You may also start the Alluxio Master node separately from Yarn in which case the above startup will automatically detect the Master at the address provided and skip initialization of a new instance. This is useful if you have a particular host you’d like to run the Master on, which isn’t part of your Yarn cluster, like an AWS EMR Master Instance.

The script will launch an Alluxio Application Master on Yarn, which will then request containers for the Alluxio master and workers. You can check the YARN UI in the browser to watch the status of the Alluxio job.

Running the script will produce output containing something like

  1. INFO impl.YarnClientImpl: Submitted application application_1445469376652_0002

This application ID can be used to destroy the application by running

  1. ${HADOOP_HOME}/bin/yarn application -kill application_1445469376652_0002

The ID can also be found in the YARN web UI.

Verify the Cluster

Once you have the Alluxio application running, you can access the web UI at master_hostname:19999. To test IO functionality, configure alluxio.master.hostname=master_hostname in conf/alluxio-site.properties and run

  1. ${ALLUXIO_HOME}/bin/alluxio runTests

Configuration

To customize Alluxio master and worker with specific properties (e.g., tiered storage setup on each worker), see Configuration settings. To ensure your configuration can be read by both the ApplicationMaster and Alluxio master/workers, put alluxio-site.properties in /etc/alluxio/alluxio-site.properties.

Troubleshooting

If Alluxio doesn’t come up after running alluxio-yarn.sh, check the YARN application logs to see what happened. Some common issues to look out for:

  • Not enough memory/cpu: Make sure you have enough YARN capacity to run the Alluxio master and all workers. The CPU requirements are configured by alluxio.integration.master.resource.cpu and alluxio.integration.worker.resource.cpu (both 1 by default). Memory requirements are configured by alluxio.integration.master.resource.mem and alluxio.integration.worker.resource.mem, both 1024MB by default. Alluxio will avoid placing multiple workers on the same node.
  • Hostname mismatch: The hostname you specify for the Alluxio master must exactly match the hostname used by YARN for one of the hosts in the cluster. If you pass an IP address but YARN is using hostnames, the master cannot be started.

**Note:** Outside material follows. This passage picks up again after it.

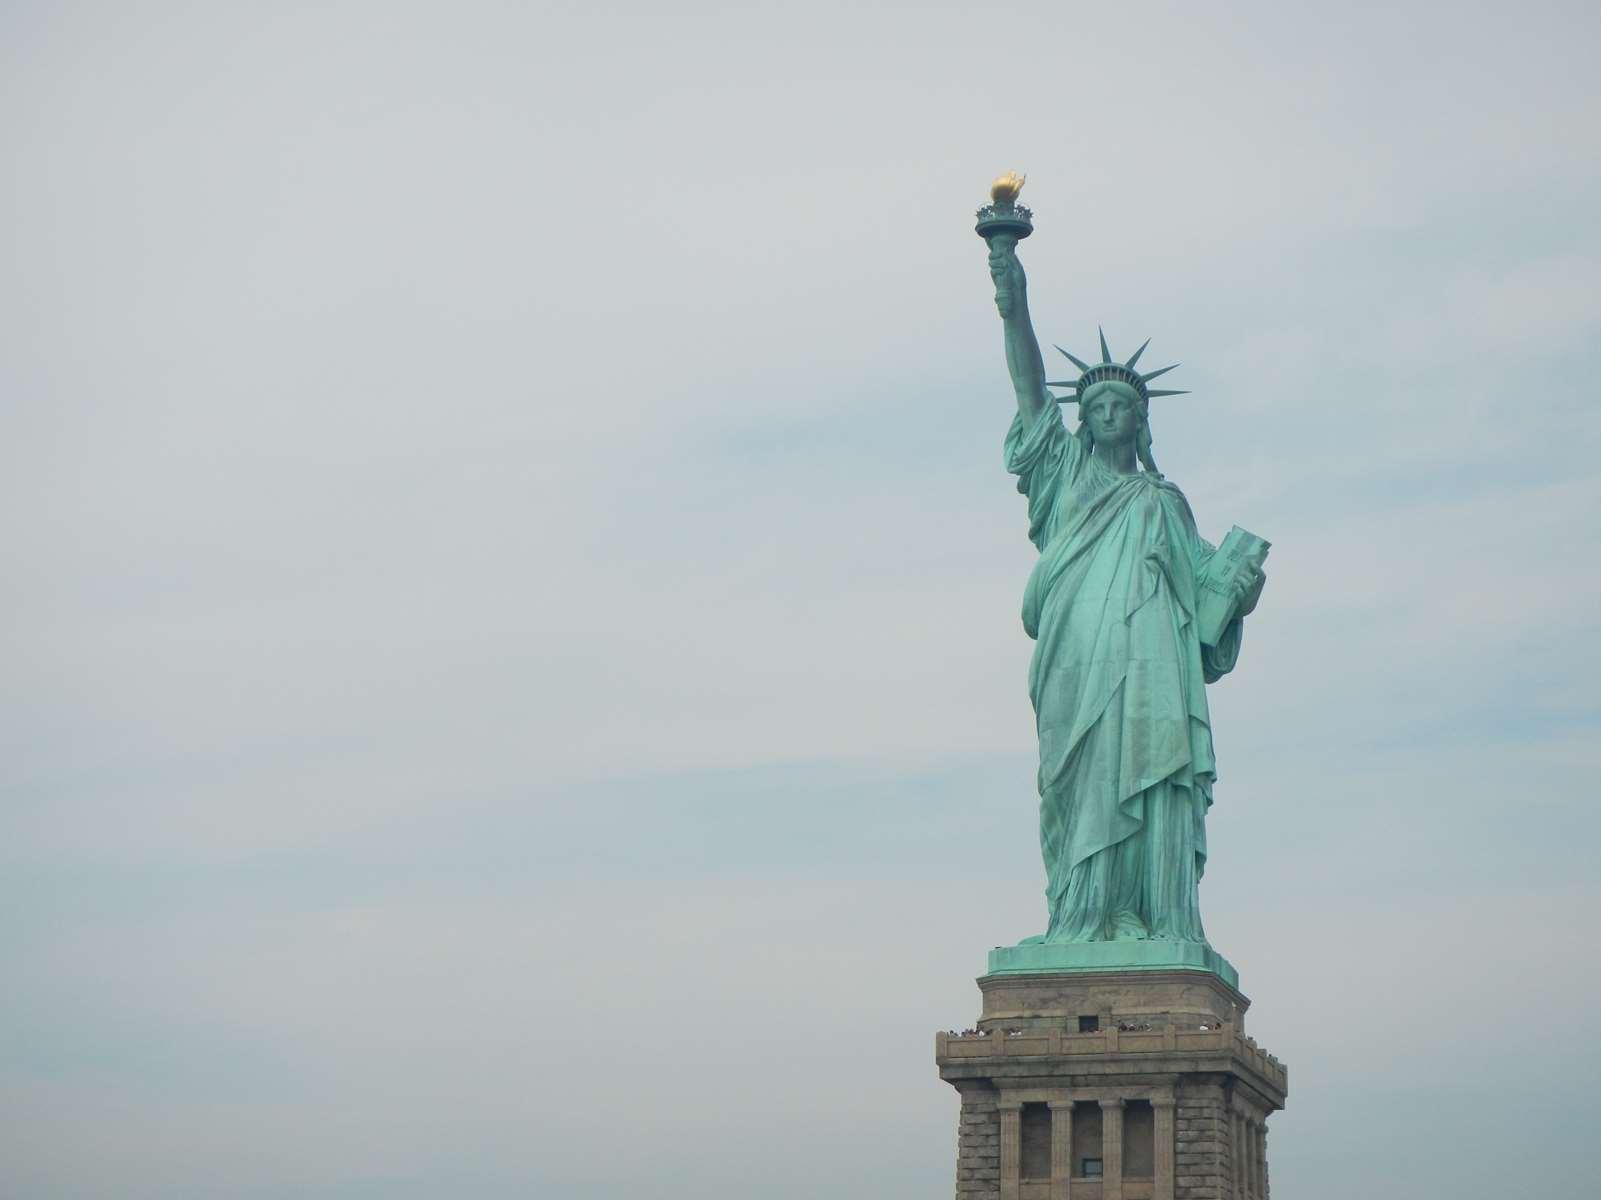 New York - Statue de la liberté - Claironyva

The Alluxio user mailing list is a good resource for getting help if the log messages are insufficient.

Configure yarn.application.classpath

To enable your YARN applications to communicate with Alluxio servers, add the Alluxio client jar to each YARN node, either by adding it to a directory on your yarn.application.classpath, or updating the classpath to include the client jar. For example,

  1. <property>
  2. <name>yarn.application.classpath</name>
  3. <value>$HADOOP_CONF_DIR,
  4. $HADOOP_COMMON_HOME/share/hadoop/common/*,
  5. $HADOOP_COMMON_HOME/share/hadoop/common/lib/*,
  6. $HADOOP_HDFS_HOME/share/hadoop/hdfs/*,
  7. $HADOOP_HDFS_HOME/share/hadoop/hdfs/lib/*,
  8. $HADOOP_YARN_HOME/share/hadoop/yarn/*,
  9. $HADOOP_YARN_HOME/share/hadoop/yarn/lib/*,
  10. $ALLUXIO_HOME/client/*
  11. </value>
  12. </property>

Make sure to replace $ALLUXIO_HOME with the path of your Alluxio installation.